ACTIVITY: Exactly the lines from the one containing "Clem Jones Group" through the one containing "11-81-0095 Nasco Life/form®" in the listing below are to be copied, with the pictures left out.

INPUT MATERIAL:
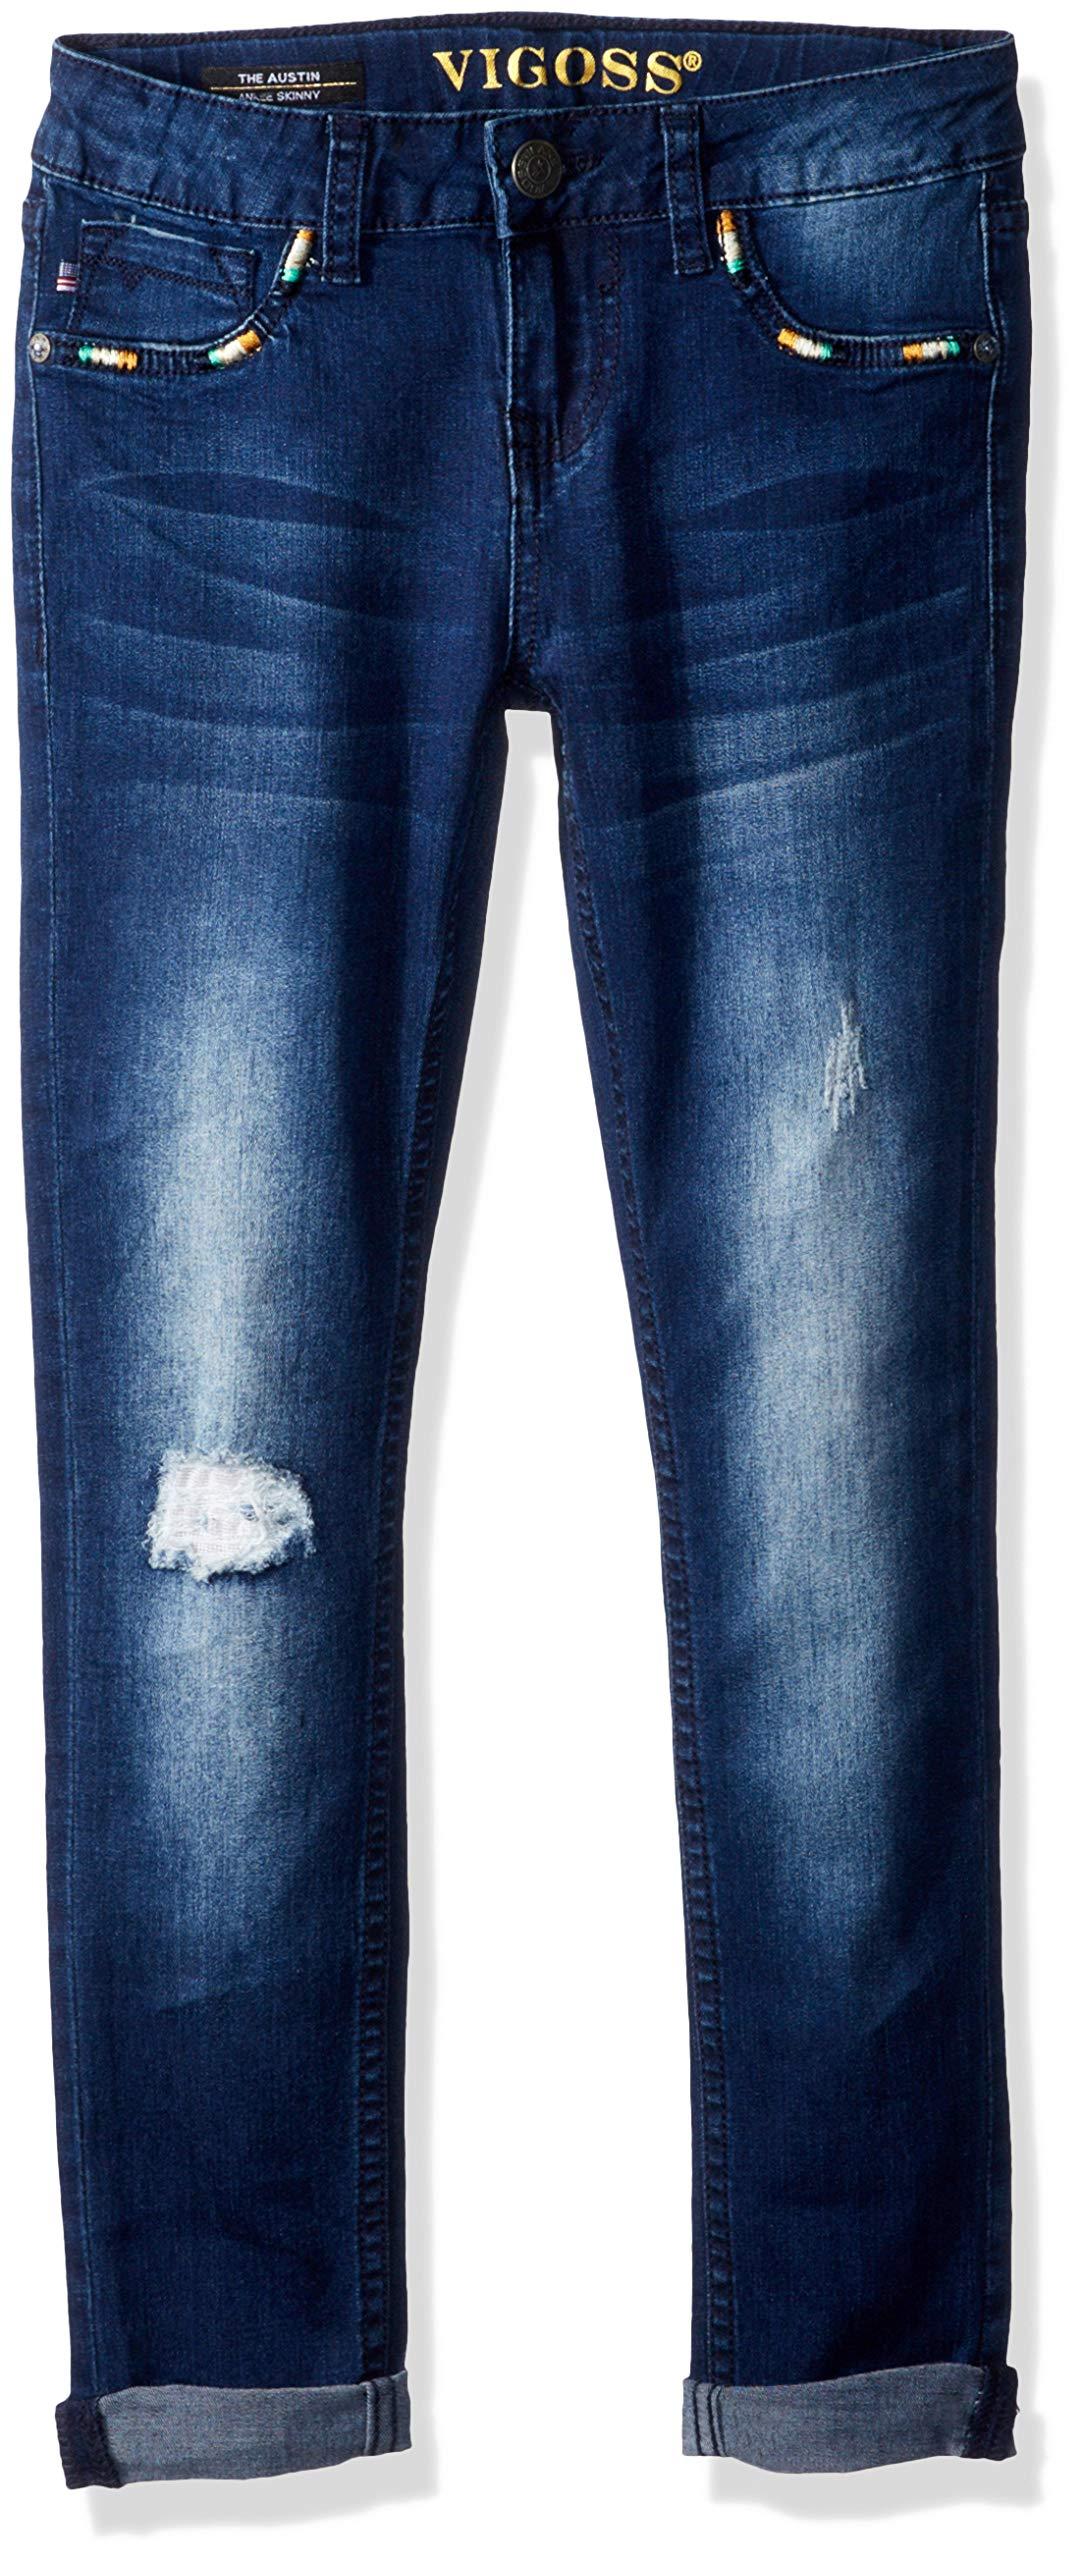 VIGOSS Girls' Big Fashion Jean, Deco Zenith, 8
...
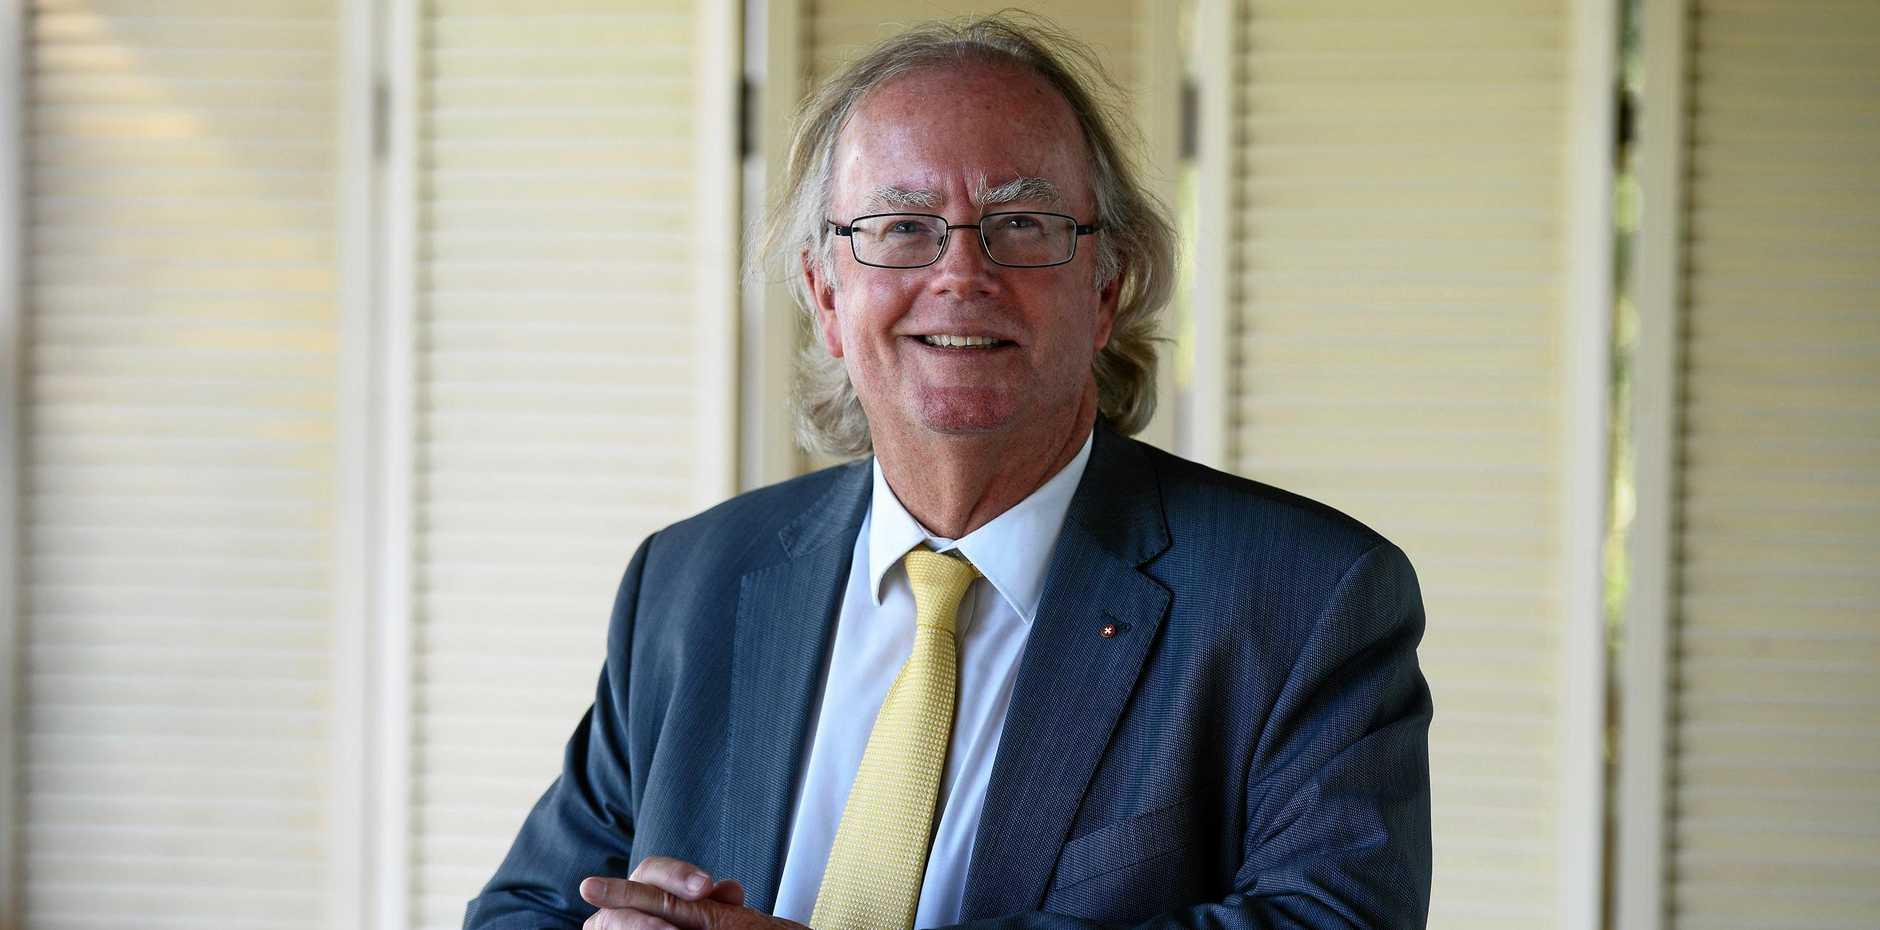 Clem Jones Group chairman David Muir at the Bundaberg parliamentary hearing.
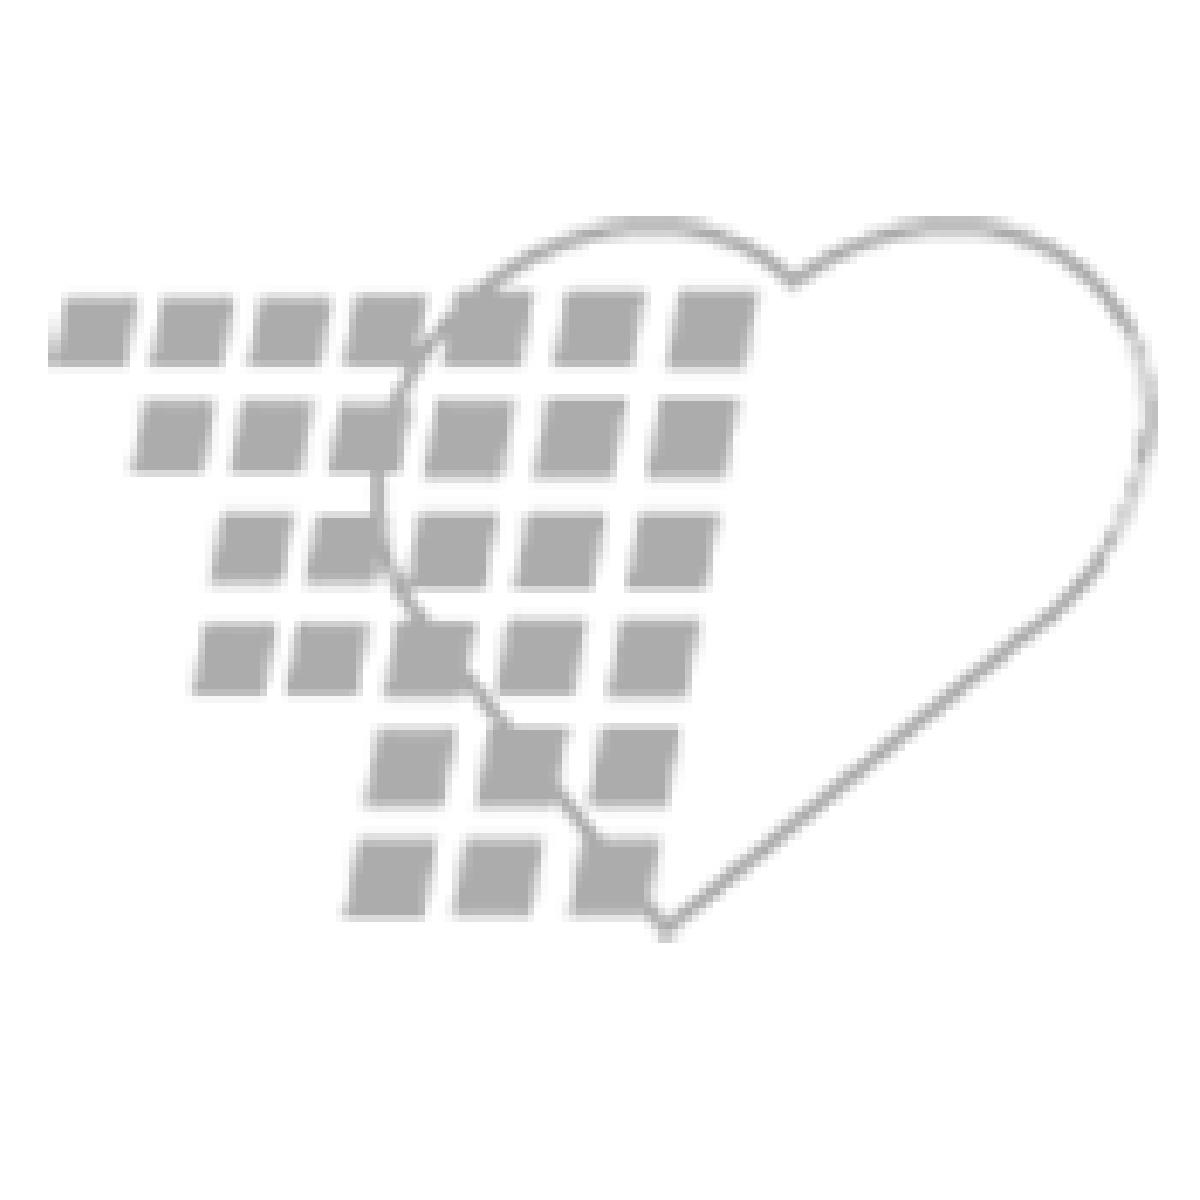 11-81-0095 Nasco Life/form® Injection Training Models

WORKED SOLUTION:
 Clem Jones Group chairman David Muir at the Bundaberg parliamentary hearing.
 11-81-0095 Nasco Life/form® Injection Training Models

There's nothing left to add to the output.